▸ TASK: The pictures in the data below are to be omitted; all else must be duplicated exactly.

▸ INFORMATION SHOWN:
---------------
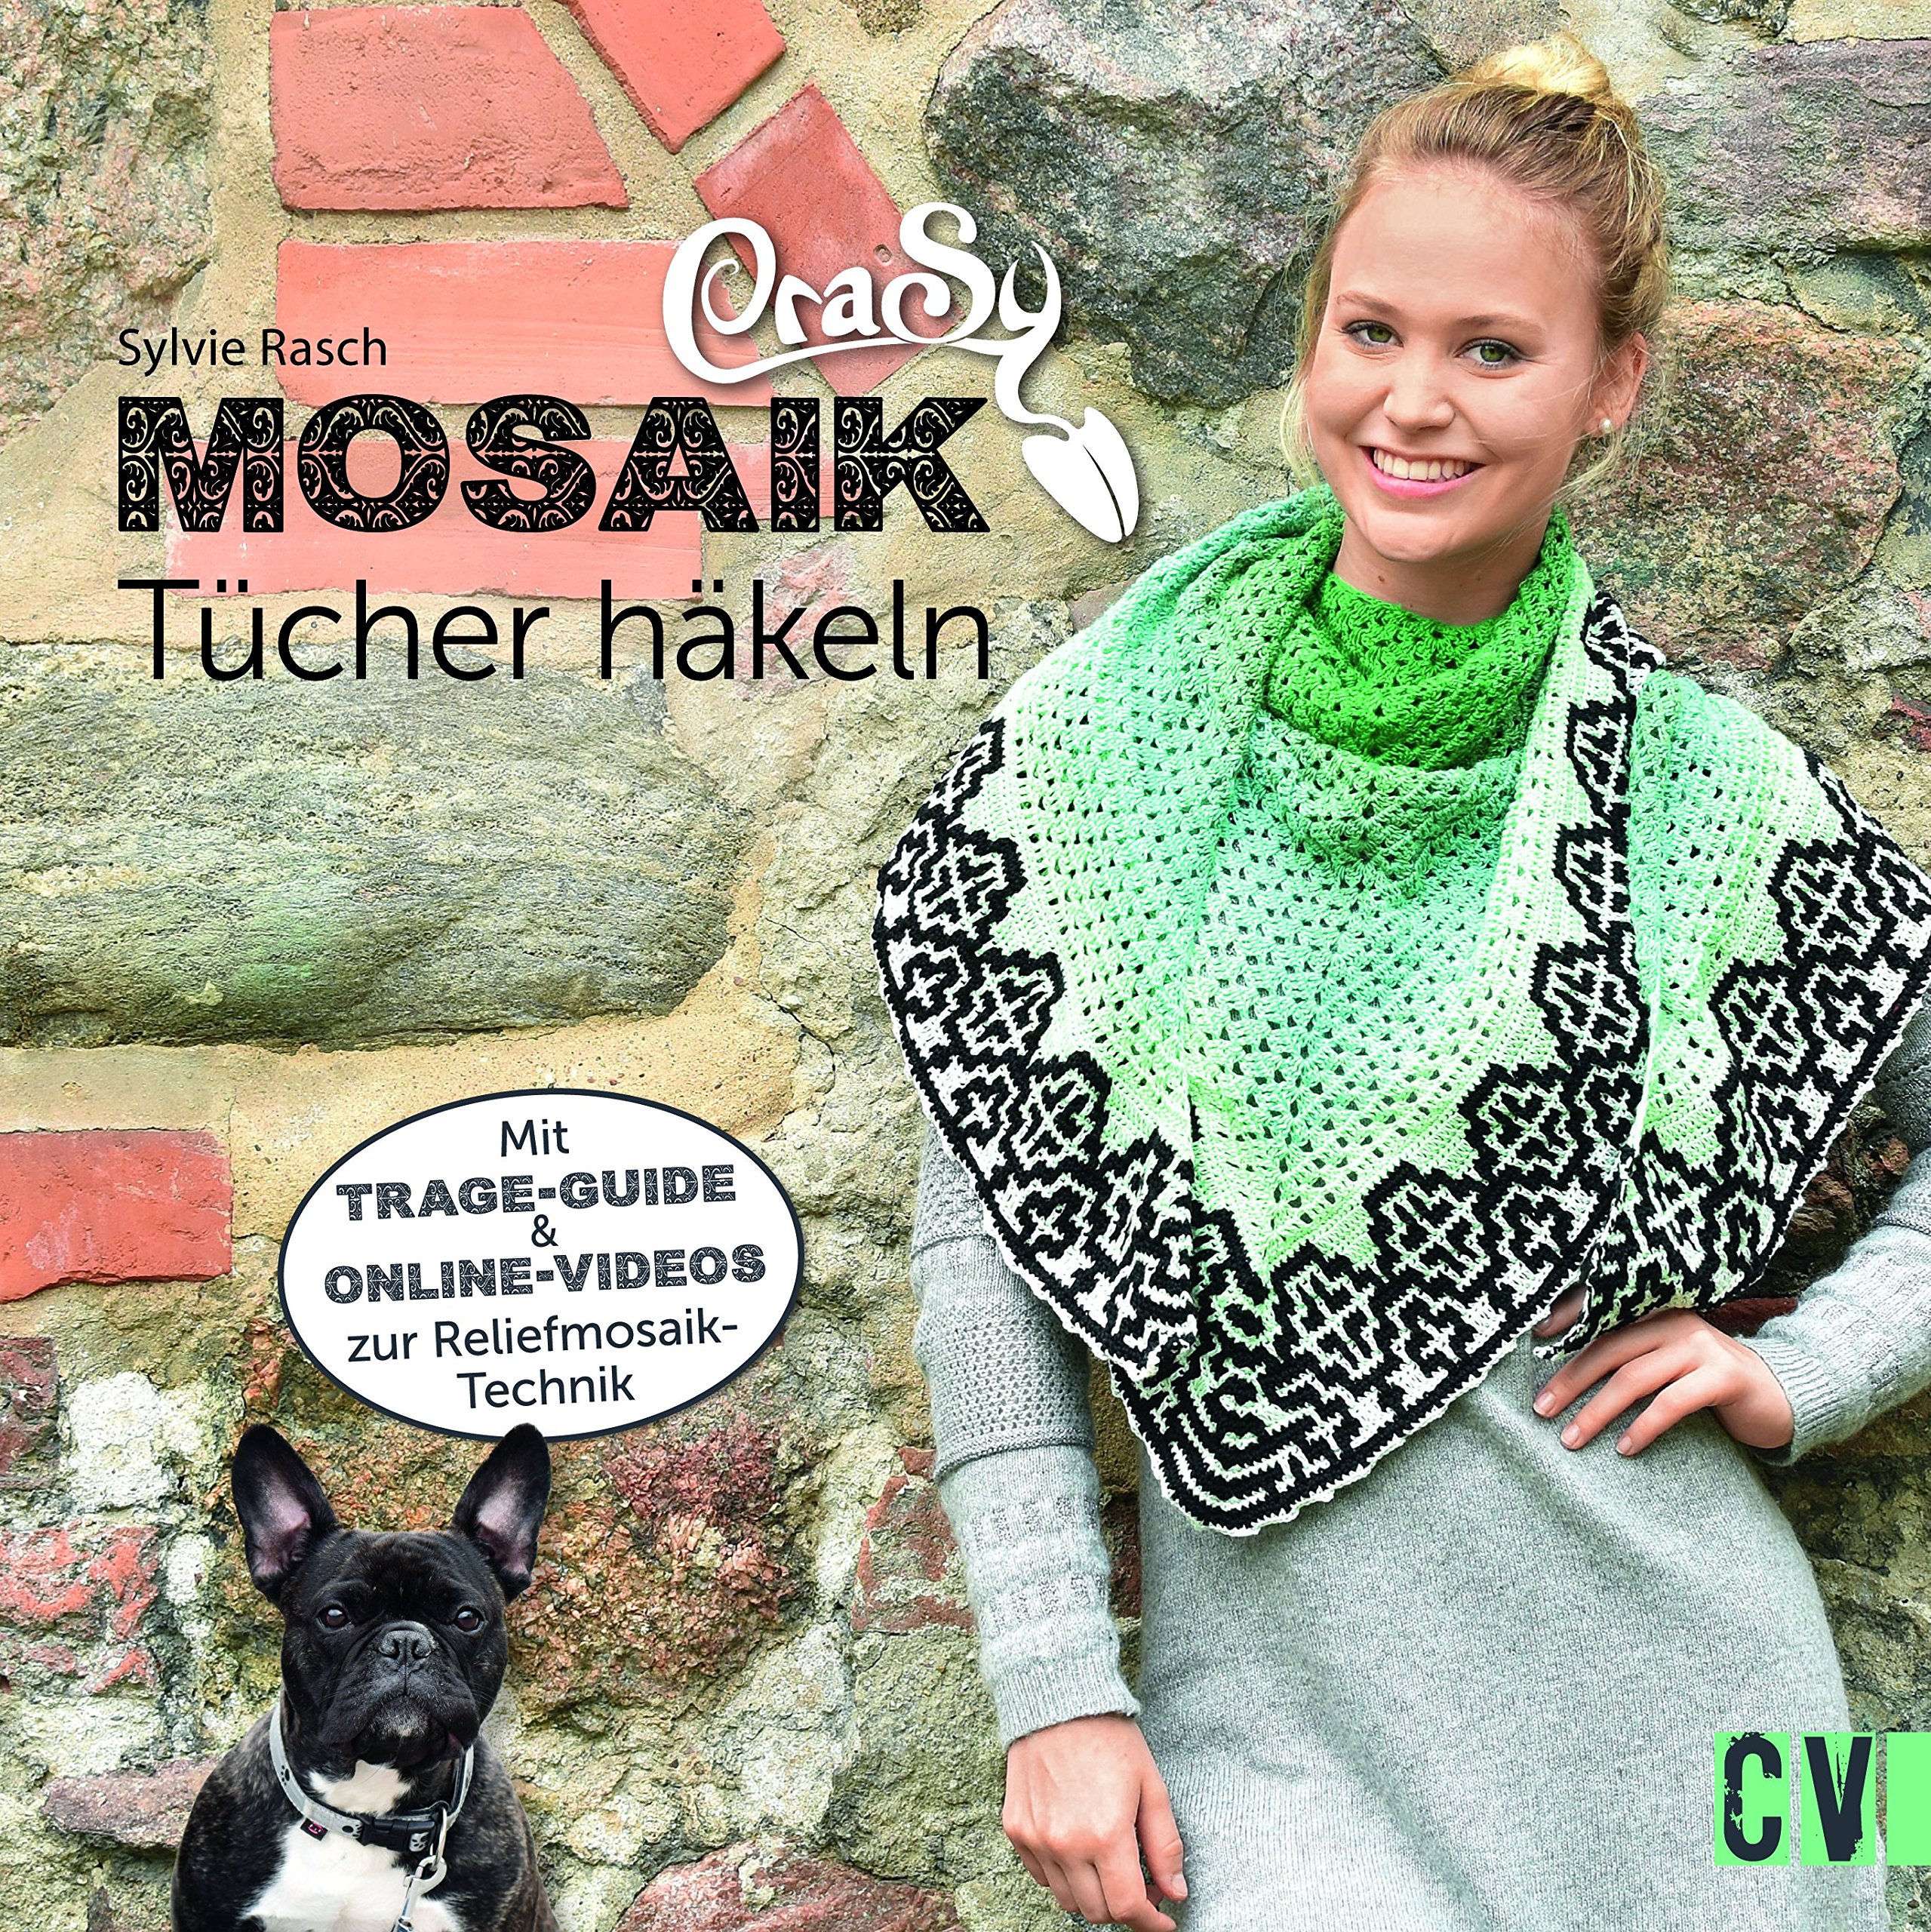 CraSy Mosaik - Tücher häkeln von Sylvie Rasch
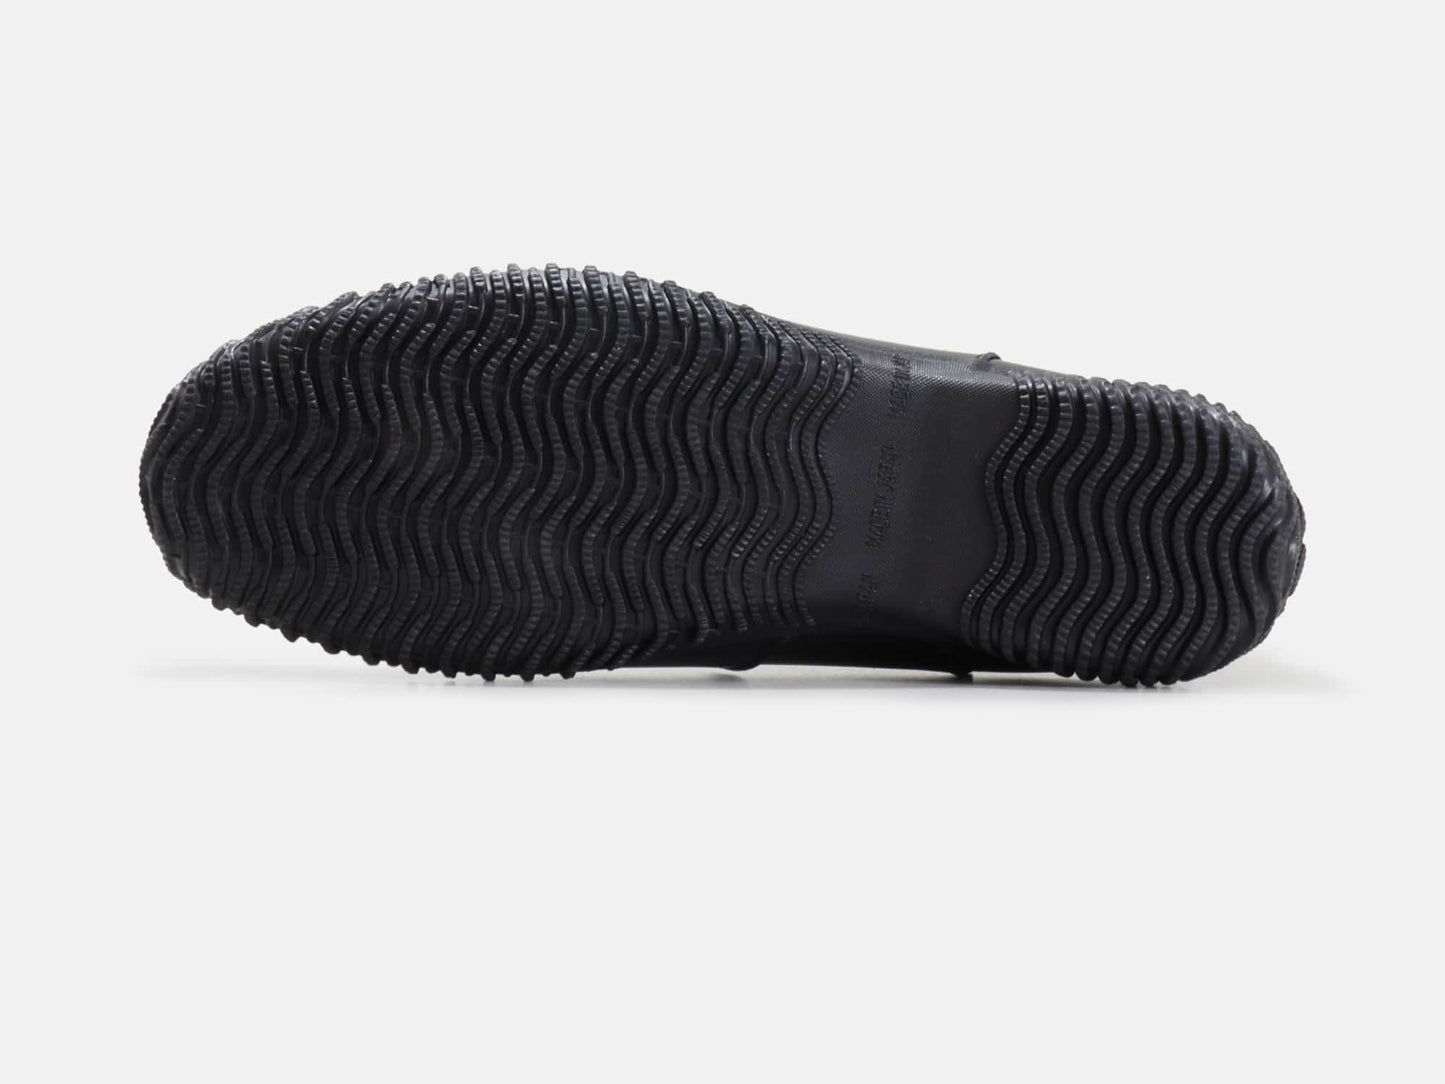 SPINGLE Bizのスニーカー「Biz-603 Black」の靴底の商品画像
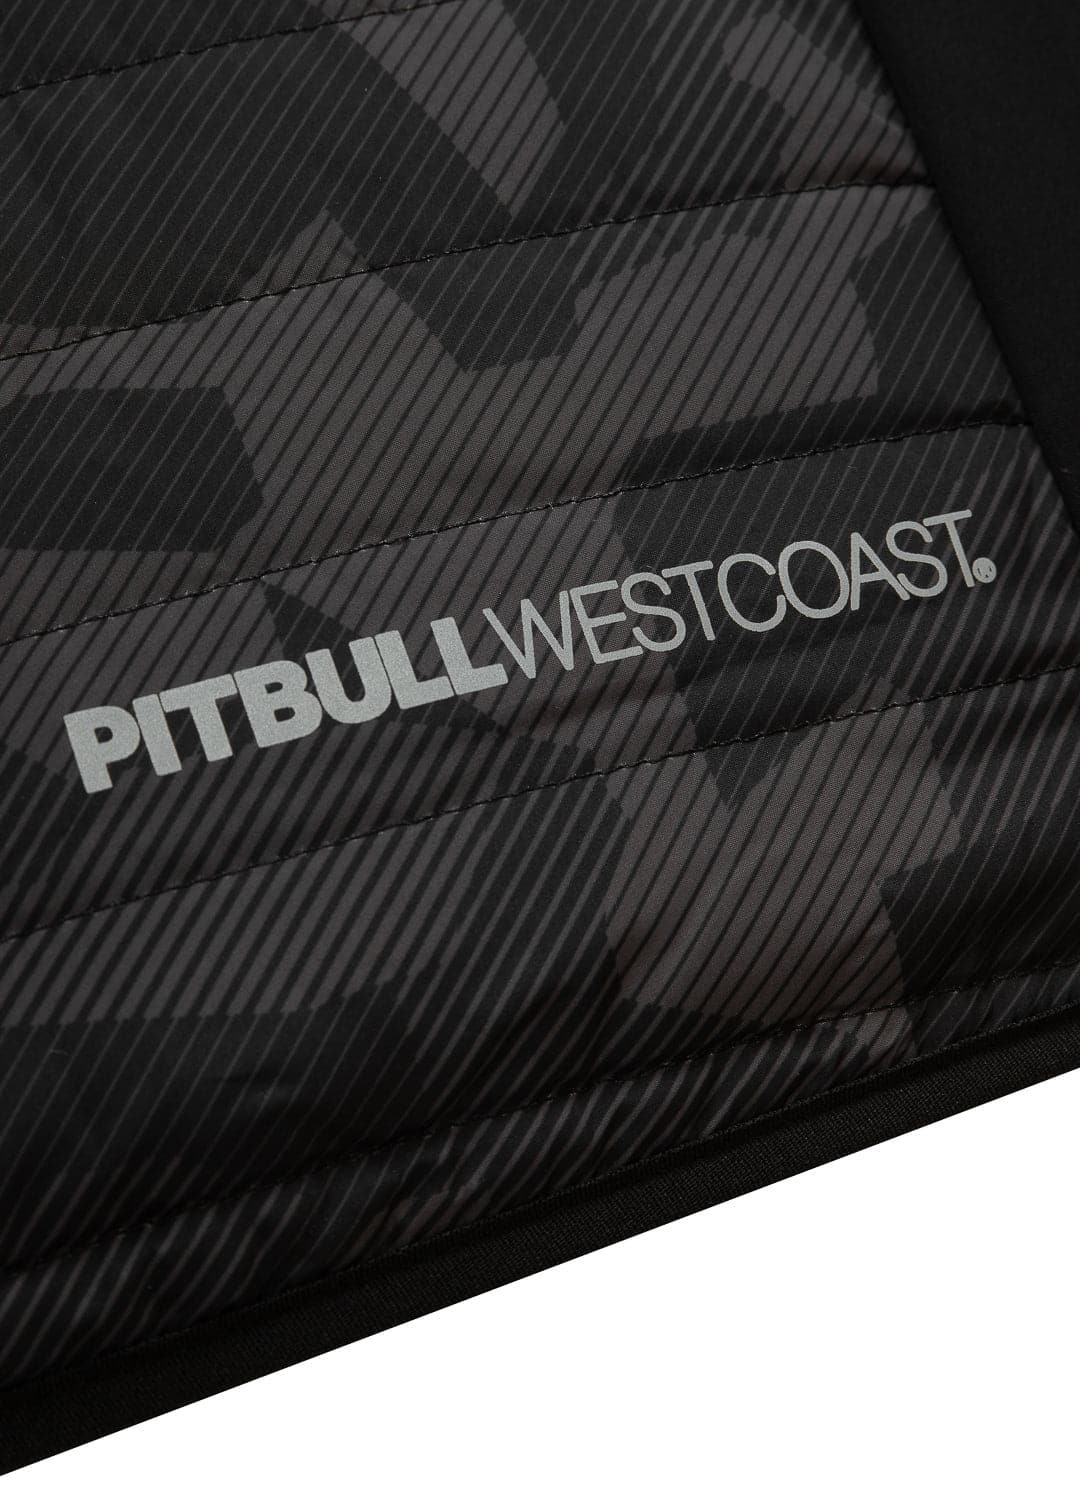 DILLARD Kids camo jacket - Pitbull West Coast International Store 
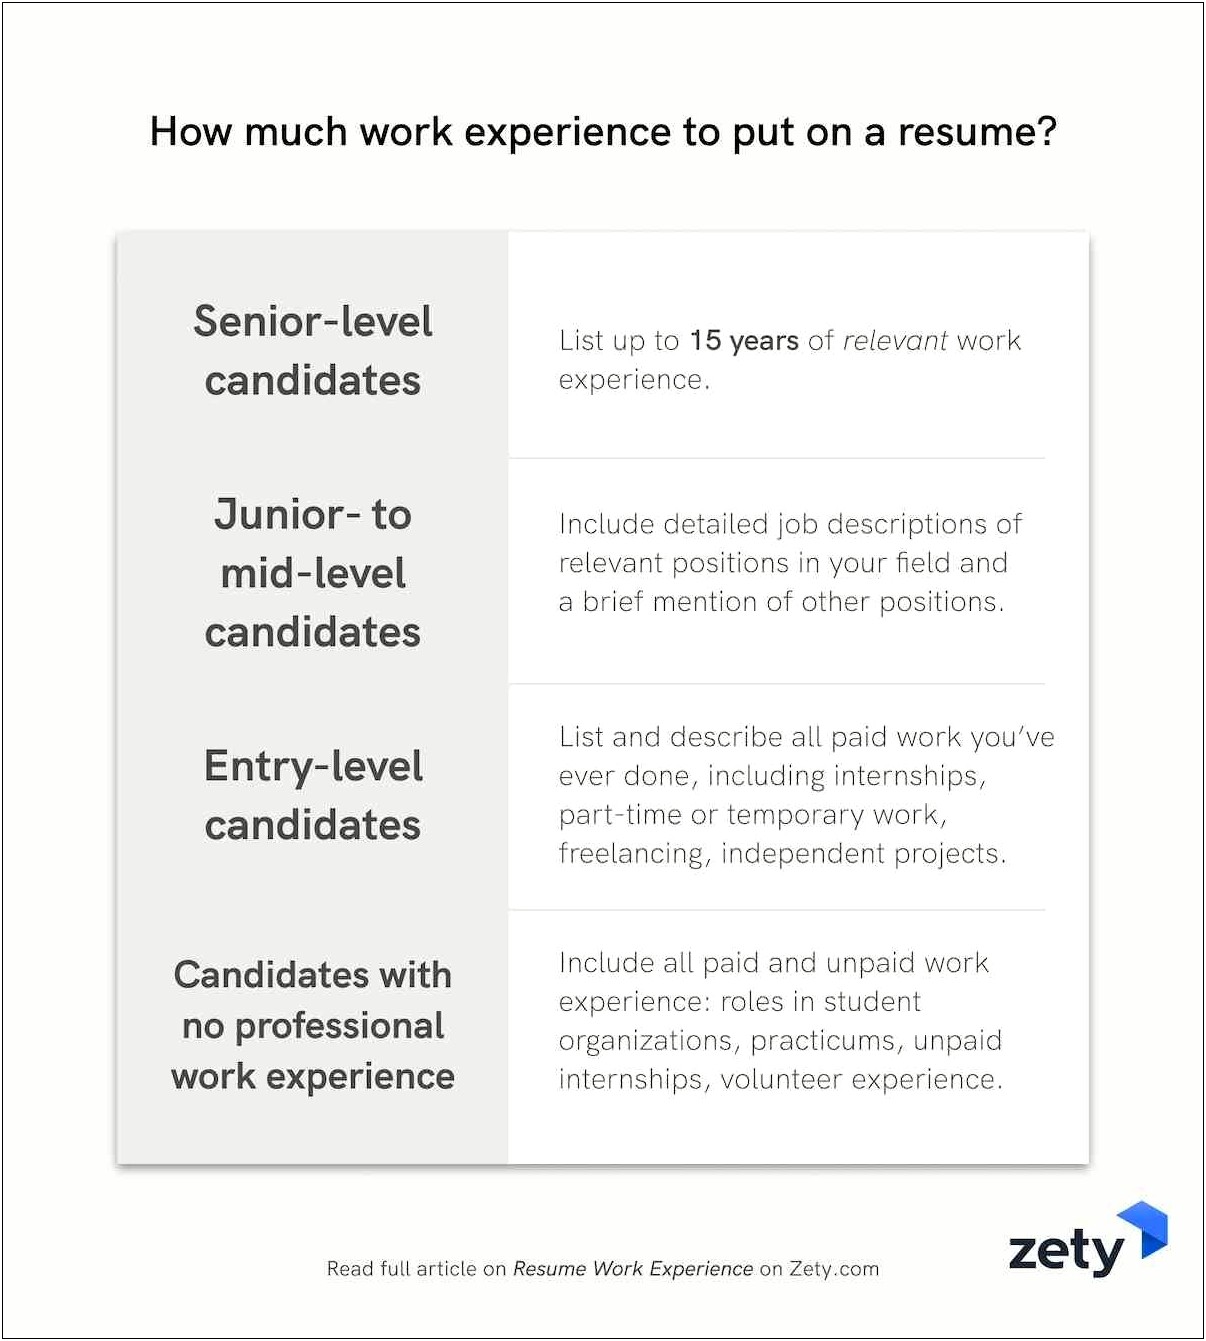 Websites To Compare Resume And Job Description
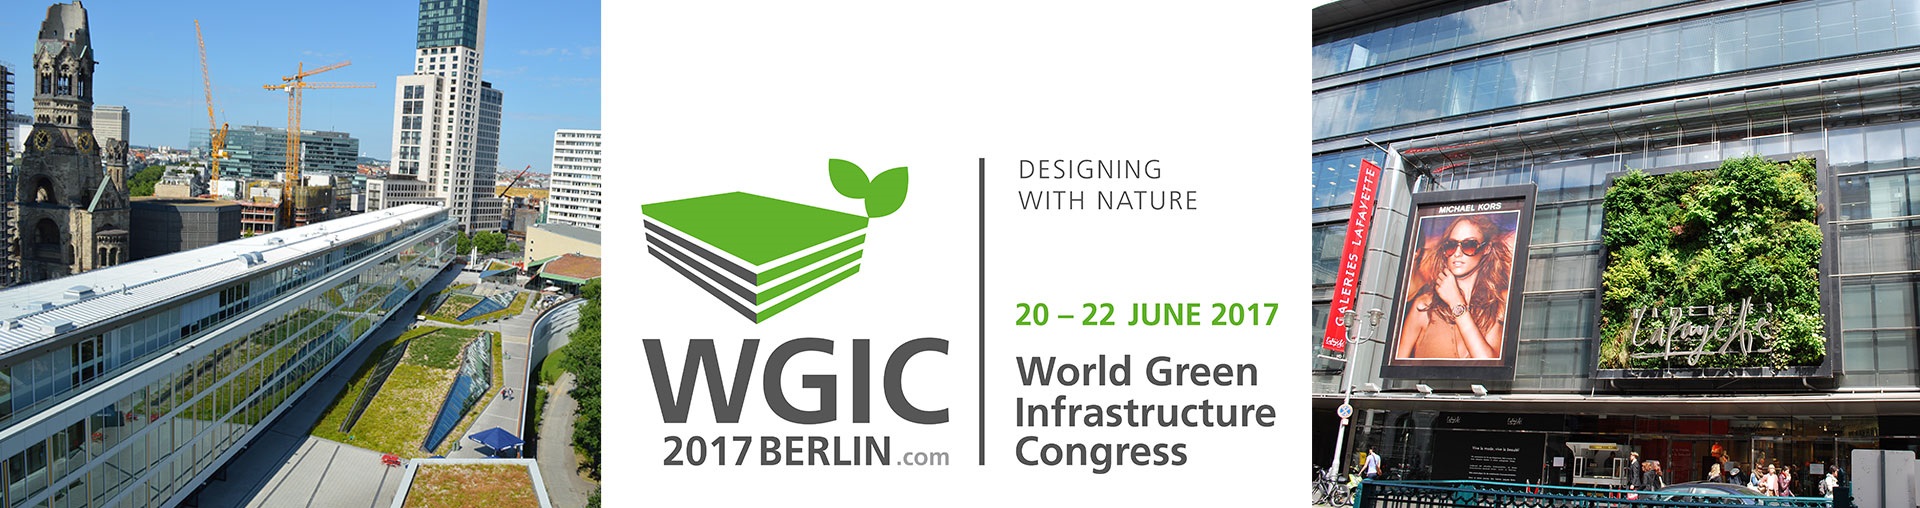 WGIC Weltkongress Gebaeudegruen Berlin KLEIN
---------------
▸ ANSWER SPACE:
 CraSy Mosaik - Tücher häkeln von Sylvie Rasch
 SPINGLE Bizのスニーカー「Biz-603 Black」の靴底の商品画像
 DILLARD Kids camo jacket - Pitbull West Coast International Store 
 Websites To Compare Resume And Job Description
 WGIC Weltkongress Gebaeudegruen Berlin KLEIN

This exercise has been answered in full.